**Collected data**
Content starts

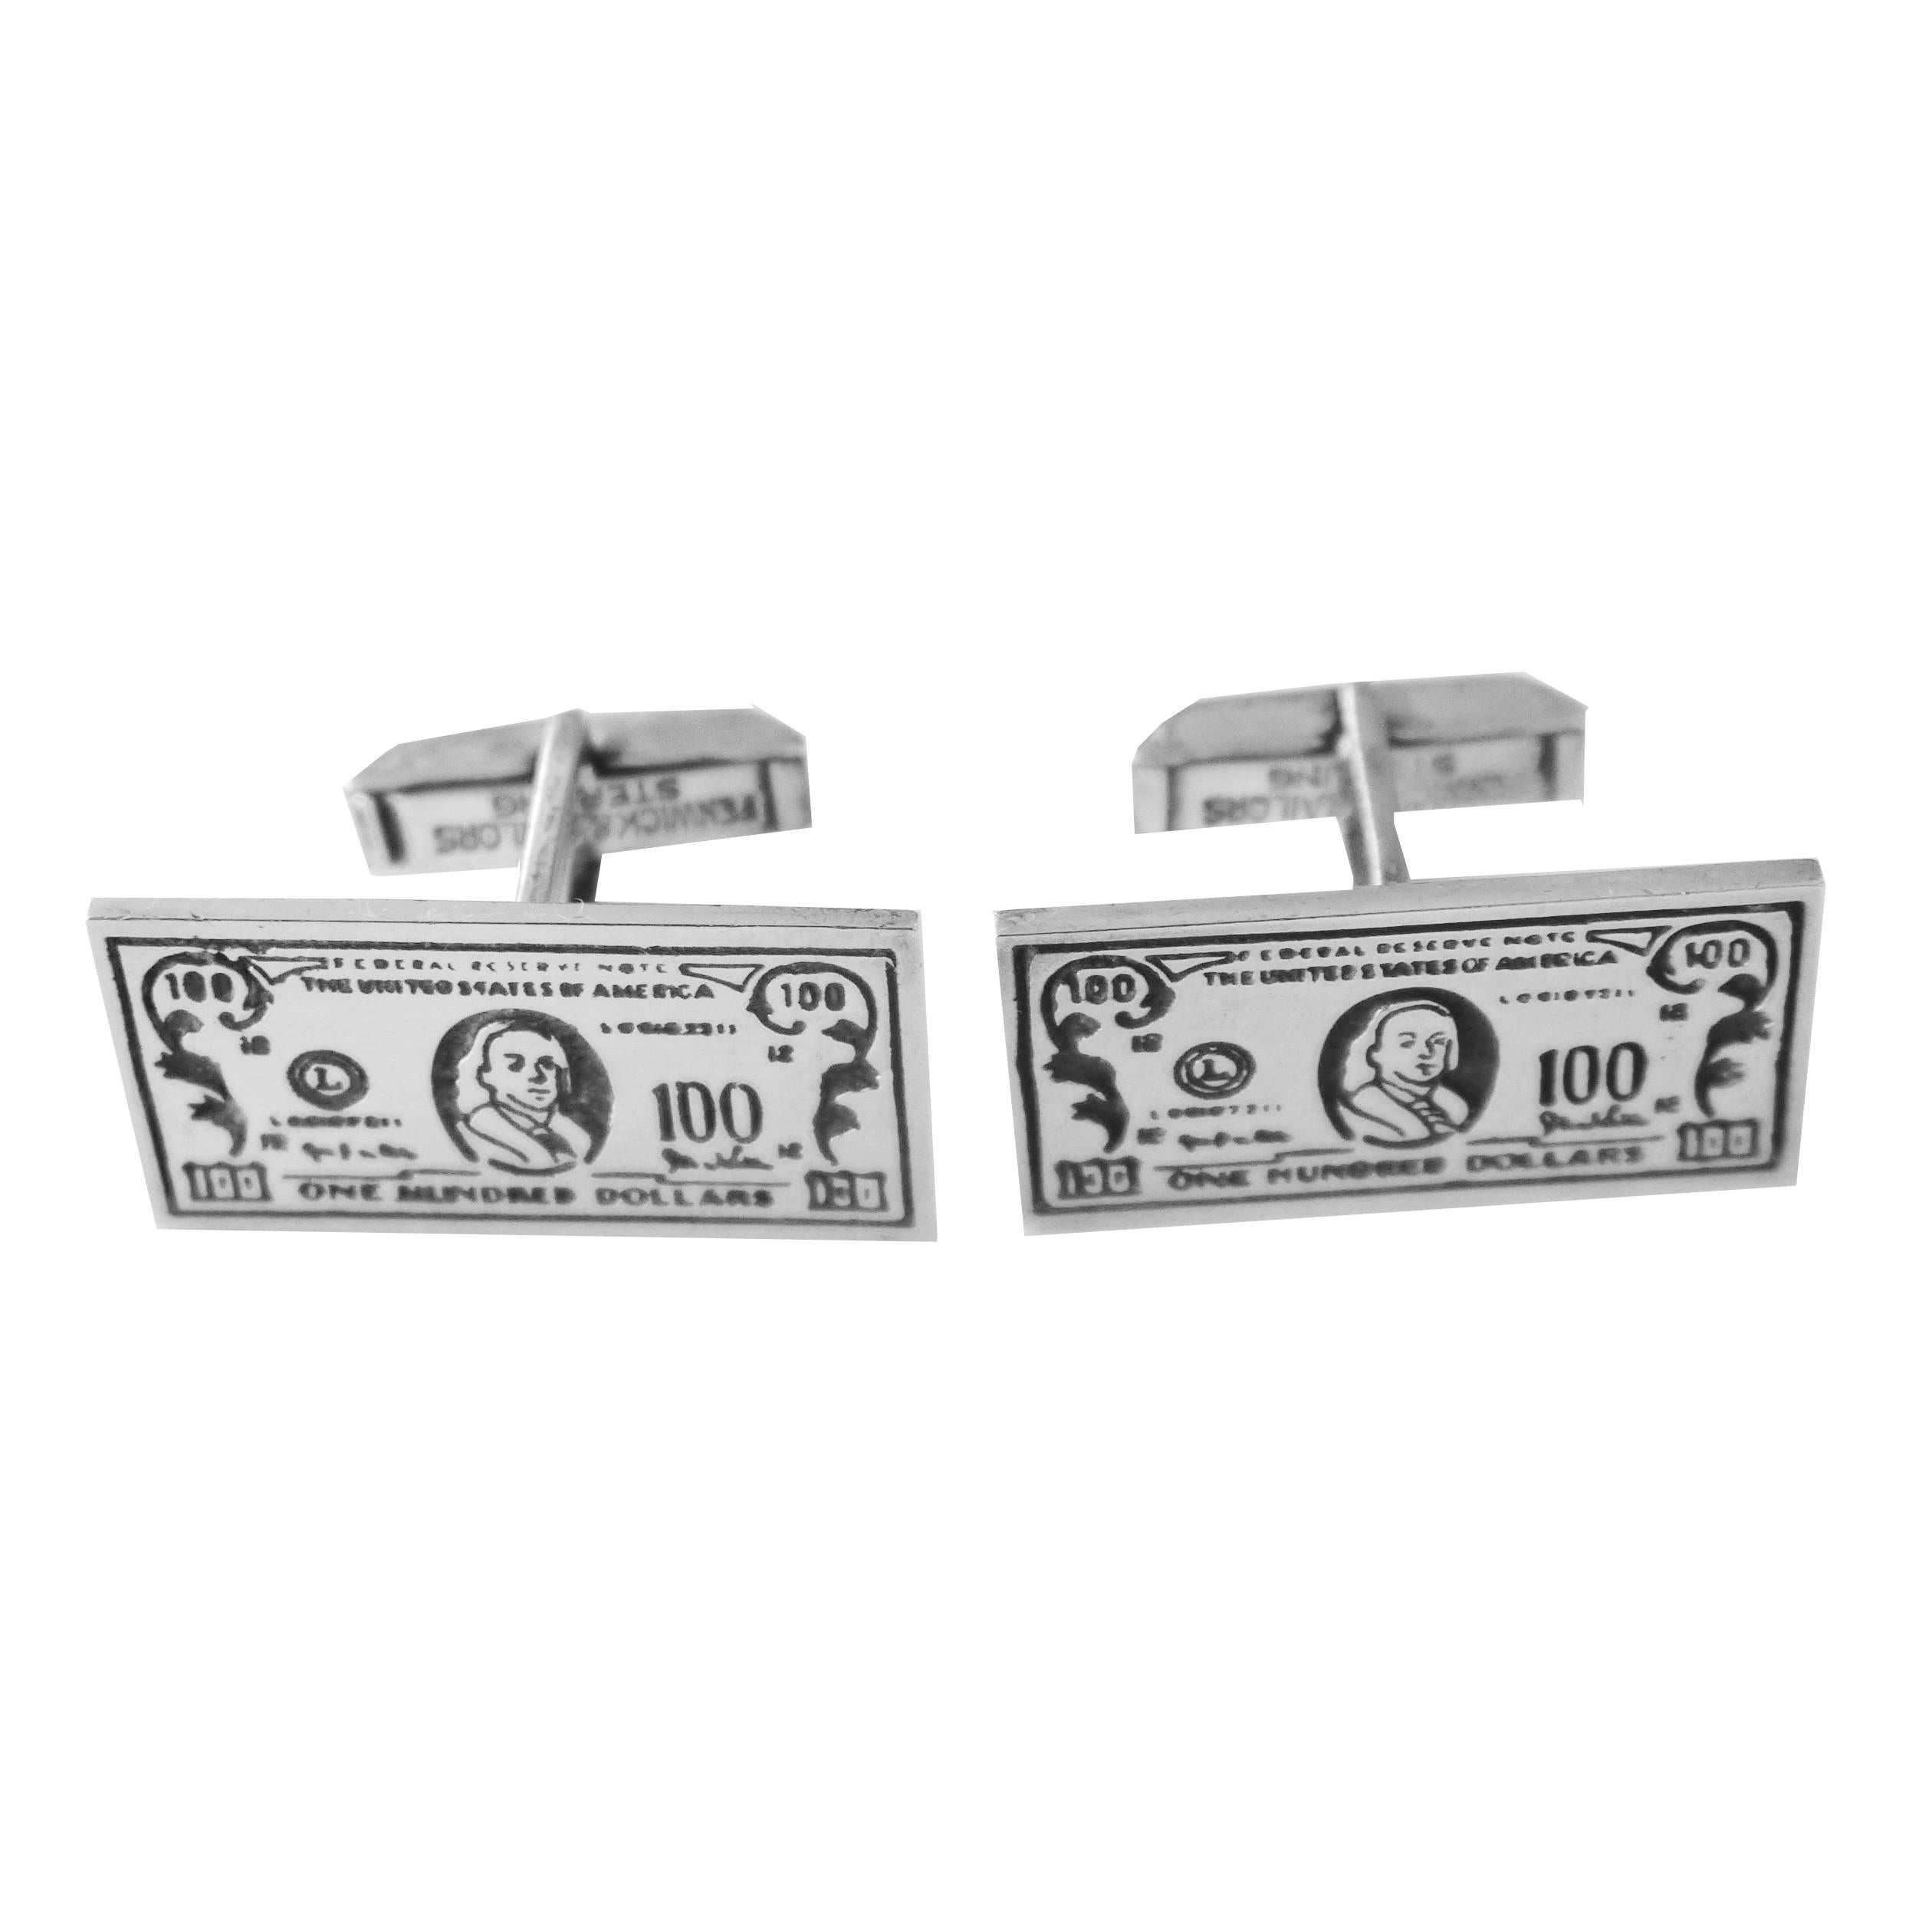 Great pair of 1950s cuff links in the form of 100 dollar bills signed sterling.
Signed Fenwick and Sailors.
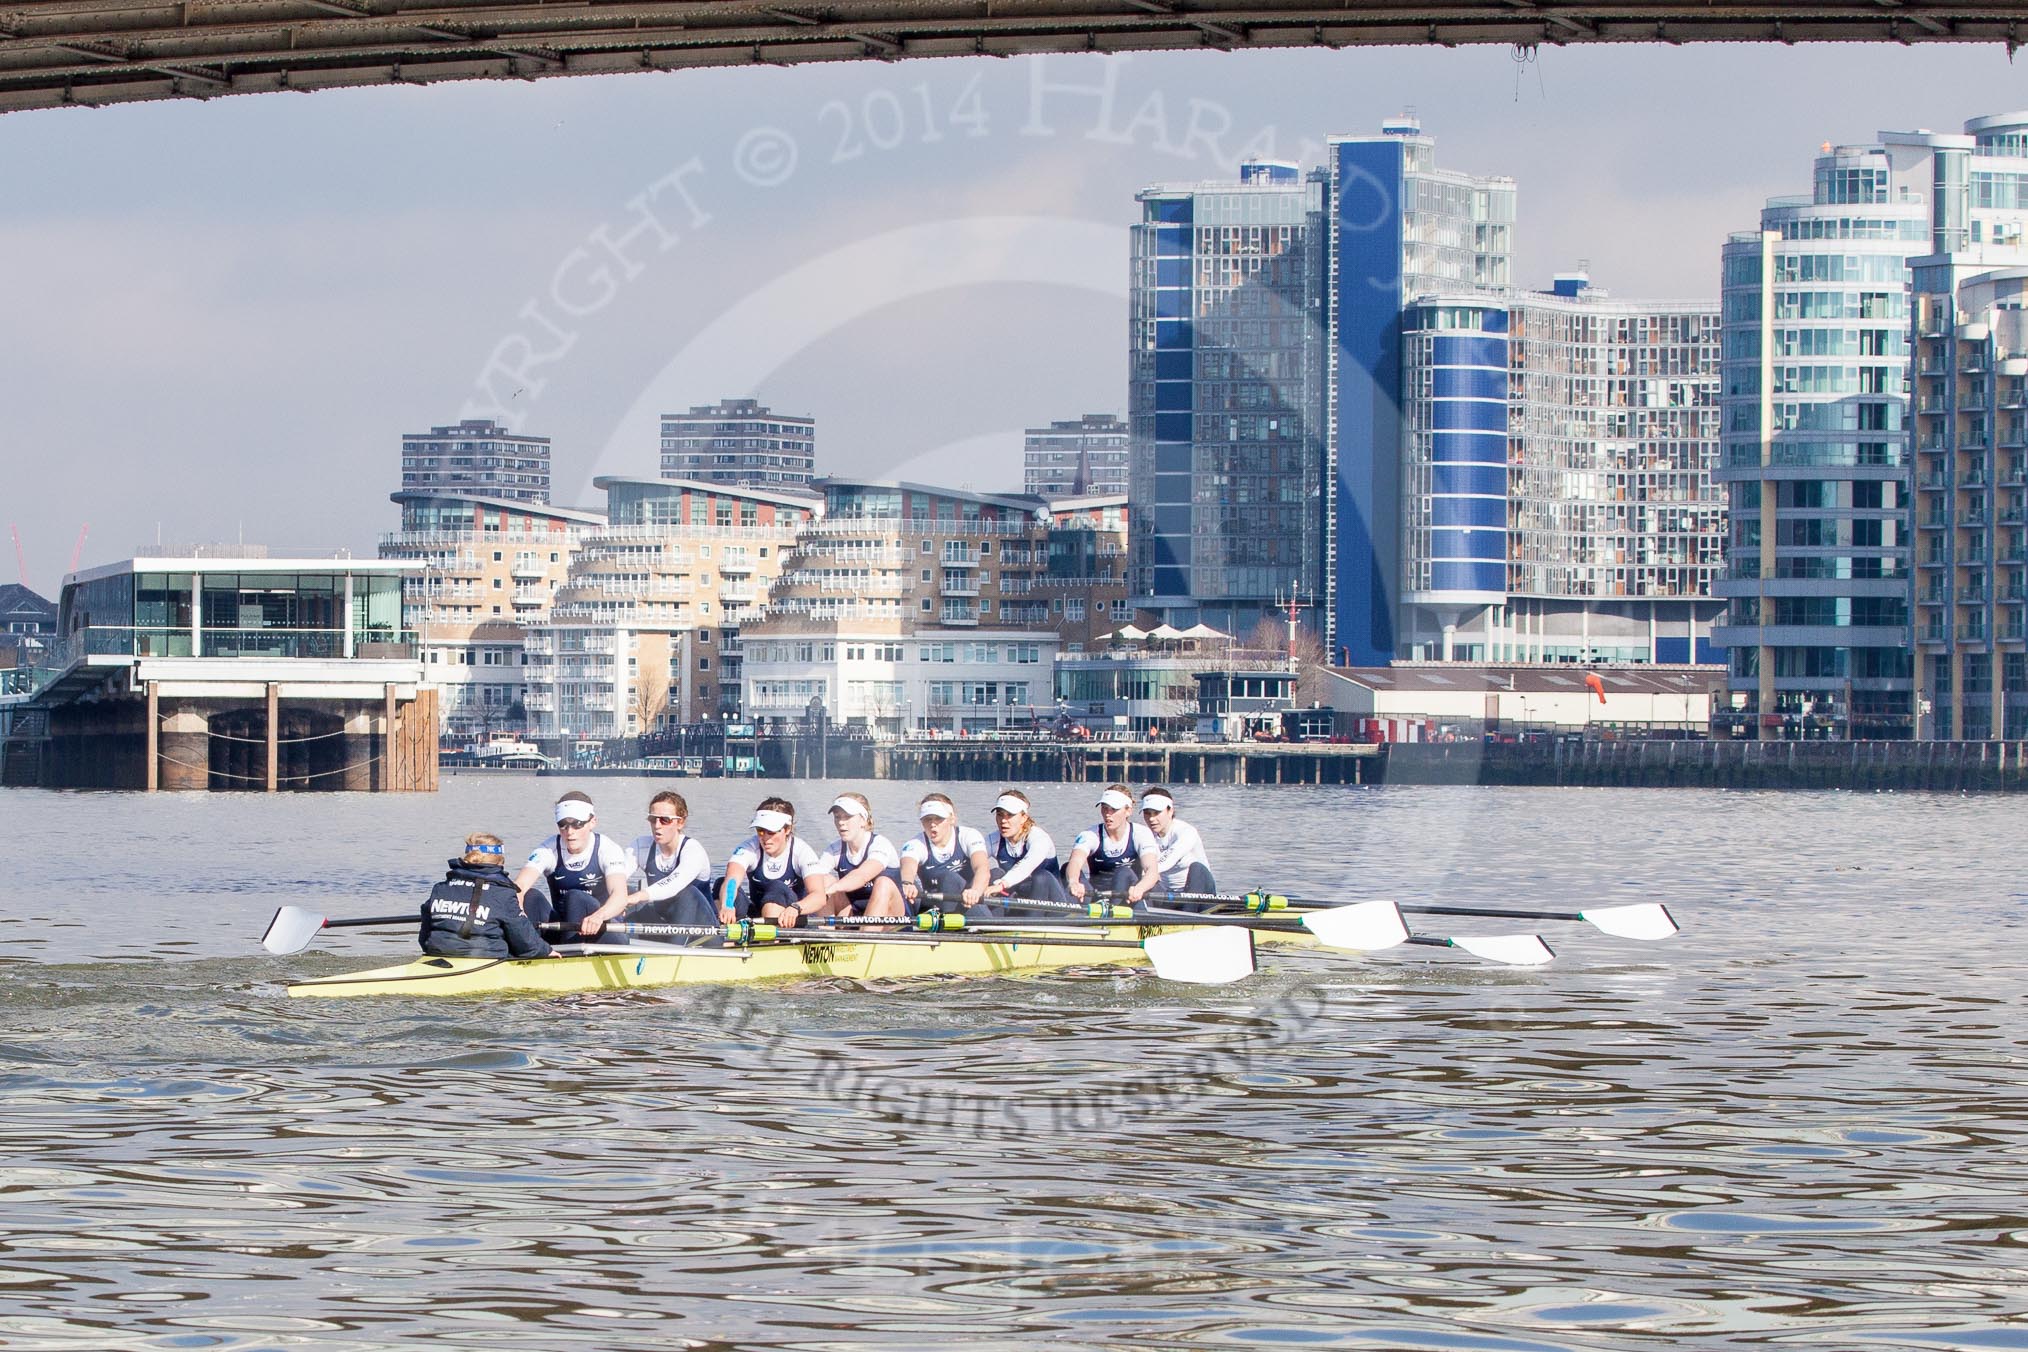 The Boat Race season 2014 - fixture OUWBC vs Molesey BC.




on 01 March 2014 at 13:10, image #193

Content ends

**Task**
Reproduce every line above as written, skipping pictures.

**Task answer**
 Great pair of 1950s cuff links in the form of 100 dollar bills signed sterling.
Signed Fenwick and Sailors.
 The Boat Race season 2014 - fixture OUWBC vs Molesey BC.




on 01 March 2014 at 13:10, image #193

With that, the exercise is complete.